От подобных предложений отказываться не следовало никогда, слишком мало
радостей было у камнереза в его затянувшейся жизни. Про пасьянс с подобным
названием Федор Кузьмич слышал впервые, но вспомнил, что Рачьим Холуем
называется отмель в низовьях Рифея, где тот, разделяясь на два рукава,
впадает в Кару; на отмели круглый год живут рифейские раки, чью клешню тоже
можно изобразить картами на столе, словом, никаких больших сложностей от
пасьянса приглашенный не предвидел. Старцы отдали распоряжения на вечер и
ночь, потому что лодку Астерий должен подать к шести утра, когда мальчик еще
спать будет, и удалились к Роману раскладывать неслыханный пасьянс в четыре
руки. Нинель была занята оцепеневшей от свалившихся новостей Тоней и ее
мирно заснувшим после прогулки сыном, так что все сборы свалились на Доню и
Варфоломея. Гендер, покормив рабов и приняв у них пять баночек на анализ,
присоединился к сборам.
В половине первого, когда Архонтов Шмель давно уже возвестил о
наступлении нового дня, Федор Кузьмич вышел от хозяина: "первая клешня" у
них сошлась, по этому случаю Роман затребовал графинчик бокряниковой и
что-нибудь легкое на закуску. Пришлось будить Гликерию: шкафчик с настойками
она блюла замком особой невскрываемости, хотя любителей прикладываться ночью
к горлышку в доме не водилось. К часу ночи в доме - кроме Павлика - не спал
ни один человек. Федор Кузьмич, прежде чем уйти раскладывать "вторую
клешню", строго сказал Гендеру:
- Завтра, Пол Антиохович, к десяти утра идите в контору "Ергак
Тимофеевич". Пусть подберут шубы из белого соболя. Мальчику, Тоне, словом,
пусть отдадут, сколько есть - мы решим, кому. В горах снег ведь.

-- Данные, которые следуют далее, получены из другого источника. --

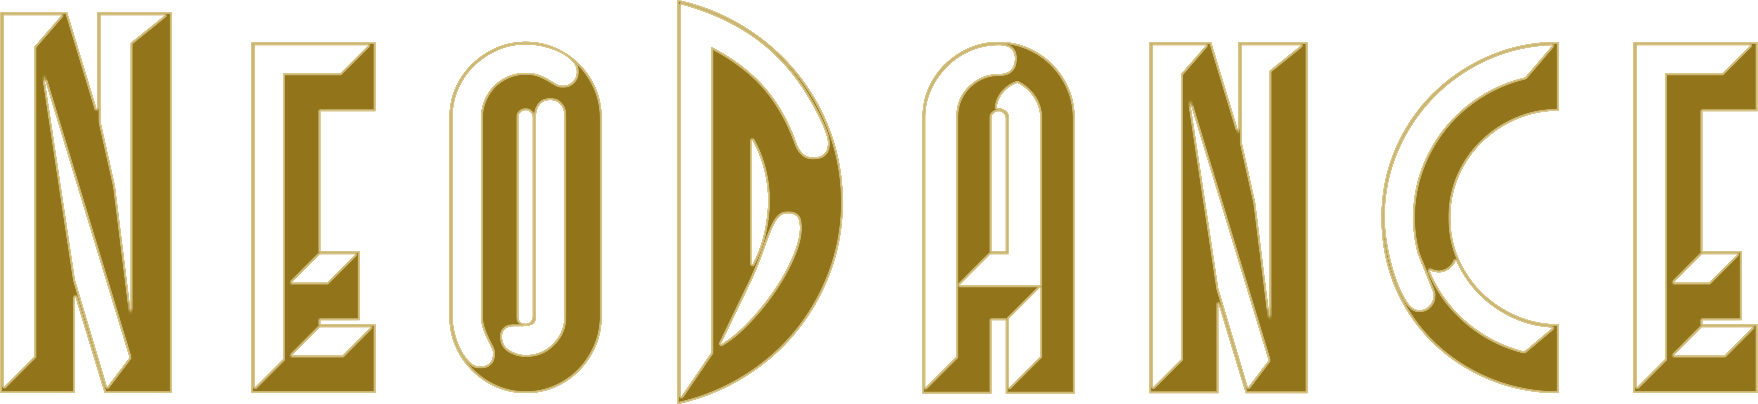 NeoDance logo

Вы им не
объясняйте, но шубы нам нужны, шубы... Защитного цвета шубы должны быть. Ну,
вы понимаете.
Гендер понимал, он еще не такое понимал. Он боялся, что в самом скором
времени дому на Саксонской понадобится еще много чего защитного, что белые
собольи шубы - только начало. Прикинул в руке на вес родонитовую трубку
работы мастера Подселенцева и положил ее назад на полку. Вес его вполне
удовлетворил: в случае чего этими пятью фунтами... Да в нужное место под
правильным углом... Не таким еще оборонялись. И вот - до сих пор - сходило с
рук. На всякий случай Пол Гендер, саксонский наймит, перекрестился офенским
крестом, как крестились все киммерийцы, если предчувствовали худое.
18
Бобра б я, пожалуй, съел.
Анджей Сапковский. Кровь эльфов
Город, стоящий на сорока островах, обречен зависеть от своих мостов:
каменных, деревянных, цепных, понтонных, проезжих, пешеходных, трамвайных, -
последних особенно, ибо, хотя линия трамвайная в Киммерионе всего одна, но
длиной она в тридцать пять верст, и без нее с Рифейской стрелки на Лисий
Хвост добираться будешь не два с половиной часа, а как бы не два с половиной
дня. В семи местах вползает трамвай на мост и сползает с него, пять мостов
из семи сложены прочно, очень давно, еще в княжьи века, из блоков рифейского
гранита, привезенного с верховий великой реки. Еще у двух мостов судьба
особая.
Чтобы перебраться с главного острова Киммериона, с Елисеева Поля, на
другой остров, тоже довольно-таки значительный - Куний, нужно как-то
миновать втиснувшийся между ними островок, с незапамятных времен именуемый
Серые Волоки. Трамвай первым вагоном въезжая на этот остров, третьим вагоном
находится еще на Елисеевом поле, а когда последний вагон съедет с этого
моста, то первый уже оказывается посредине горба следующего моста, совсем
немного не дотягивая до Куньего берега, до места, знаменитого своим древним
названием - Срамная набережная. Два моста на Волоки - северный и южный -
никто в Киммерионе не зовет иначе, нежели Сволочь Елисейская и Сволочь
Кунья. Кроме пешеходной дорожки и собственно трамвайных путей остров не
вмещает на себе почти ничего. Мосты, наведенные высокими горбами, занимают
гораздо больше места, чем надо бы, и знающий человек старается ближе к ночи
на этих горбах не оказываться.
"Мост" по-старокиммерийски звучит красиво: "колоша". И так сложилось в
городе, что немногочисленные городские сомжи (иначе говоря, те, кто "С
Определенным Местом Жительства") предпочитают ночевать именно под этими
мостами, оттого в городе их зовут "колошарями", или же Сволочью Серой. За
второе название, считающееся ругательством, можно по первому разу отделаться
штрафом в полмебия, но на второй раз штраф будет ушестерен, а по третьему
разу можно залететь и под конфискацию имущества в пользу оскорбленной
гильдии. Ибо бездомных колошарей объединяет гильдия, называемая колошарской:
добровольно отказавшись от права голоса в архонтсовете, колошари тем не
менее сохранили за собой все прочие права "гильдии бедной".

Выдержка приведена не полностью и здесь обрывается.